I’m thrown for a minute.  Some people will have to wait hundreds of years for their cures.  It’s been hard for me just ten years after I was vitrified.  Adventurous and spunky as I am, would I really want to come back a hundred years after being frozen?  I’m not sure.

But I am sure other people would.



Popsicle doesn’t specifically address aging or age-related death, but neither does it state that age-related death is somehow an exception to the idea that people ought to be permitted and enabled to seek life-extending treatments.  And the lives of Floe’s parents are not valued any less because they are older than their daughter—cryonics patients in this book are (at least by the “good guys") treated as individuals with valuable lives, regardless of what generation they happened to belong to when they were vitrified.

Though there are some aspects of the writing that might make the average science-minded reader wince (pop culture references and celebrity name-dropping abounds), I see this book as something that has the potential to be, well, tremendously cool.  If you’re personally signed up for cryonics and are looking for a way to explain this to your young daughter or niece, this book might be just the thing to break the ice, so to speak.  Or you can just get a copy for yourself as, er, cultural research. 

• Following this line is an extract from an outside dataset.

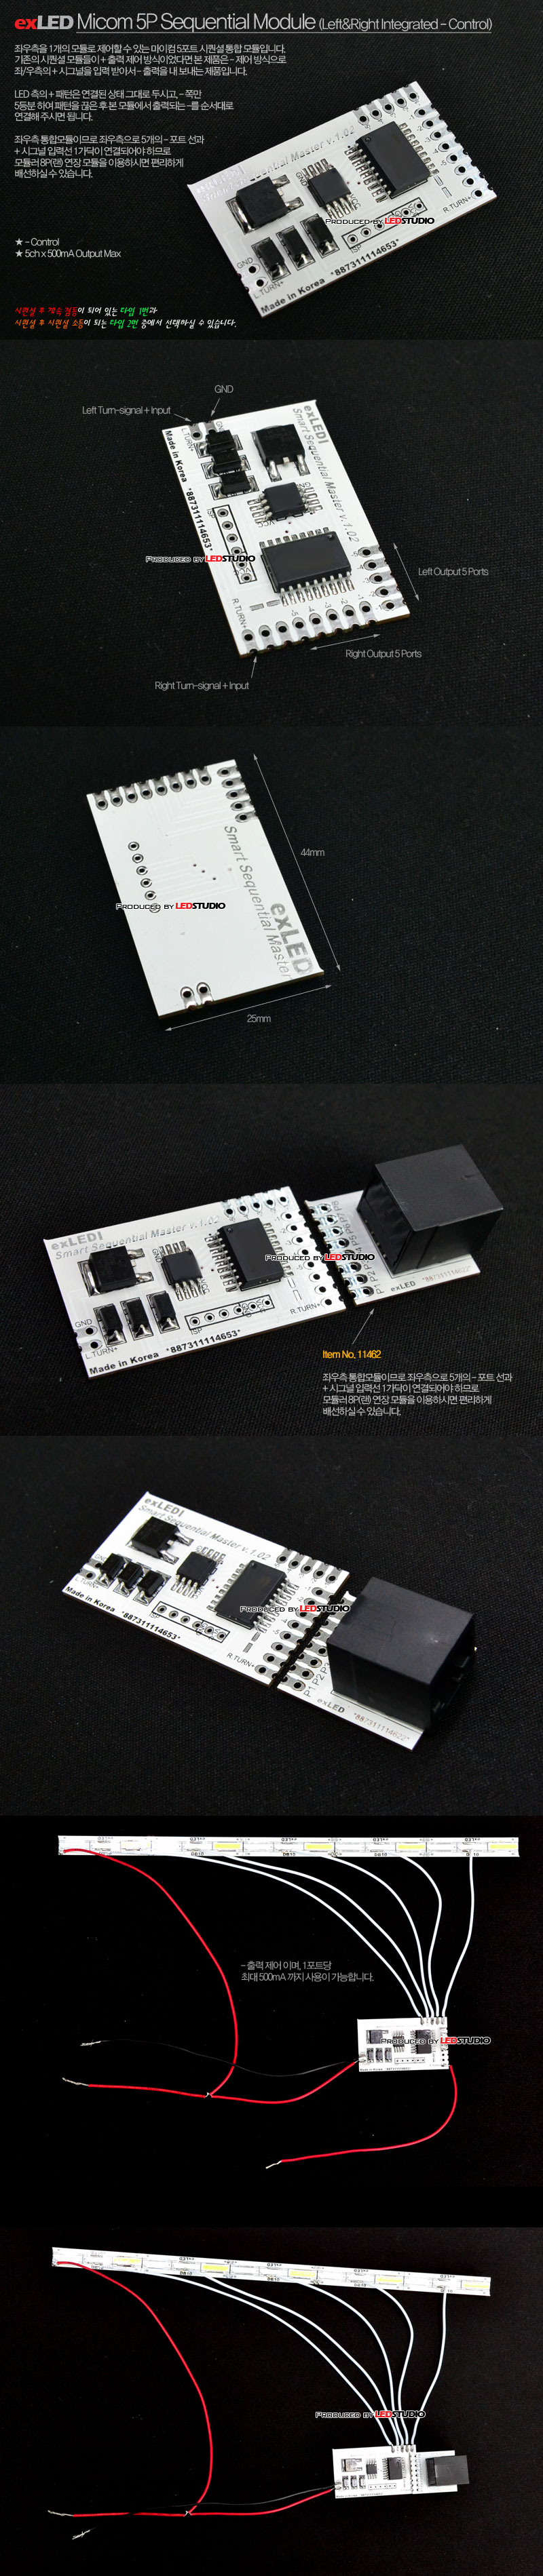 exLED 스마트 시퀀셜 마이컴 5포트 마스터 모듈 (좌우측 통합 -제어 모듈) (5chx500mA)

All in all, I must offer a hearty applause to Ms. Katz Rosenbaum for offering an unlikely yet surprisingly effective treatment of quite a few prominent issues surrounding life, mortality, and emerging technologies in her first novel.  Perhaps this is the sort of thing that author PJ Manney might classify as the kind of bilingualism necessary to make transhumanist/life-extensionist concepts more accessible.

Anne Corwin was an IEET intern 2006-2007, and is an engineer and technoprogressive activist in California. She is a member of the Board of Directors of the World Transhumanist Association, and is active in the longevity movement through the Methuselah Foundation and in the neurodiversity movement addressing issues along the autism spectrum. Ms. Corwin writes the blog Existence is Wonderful and produces a related podcast.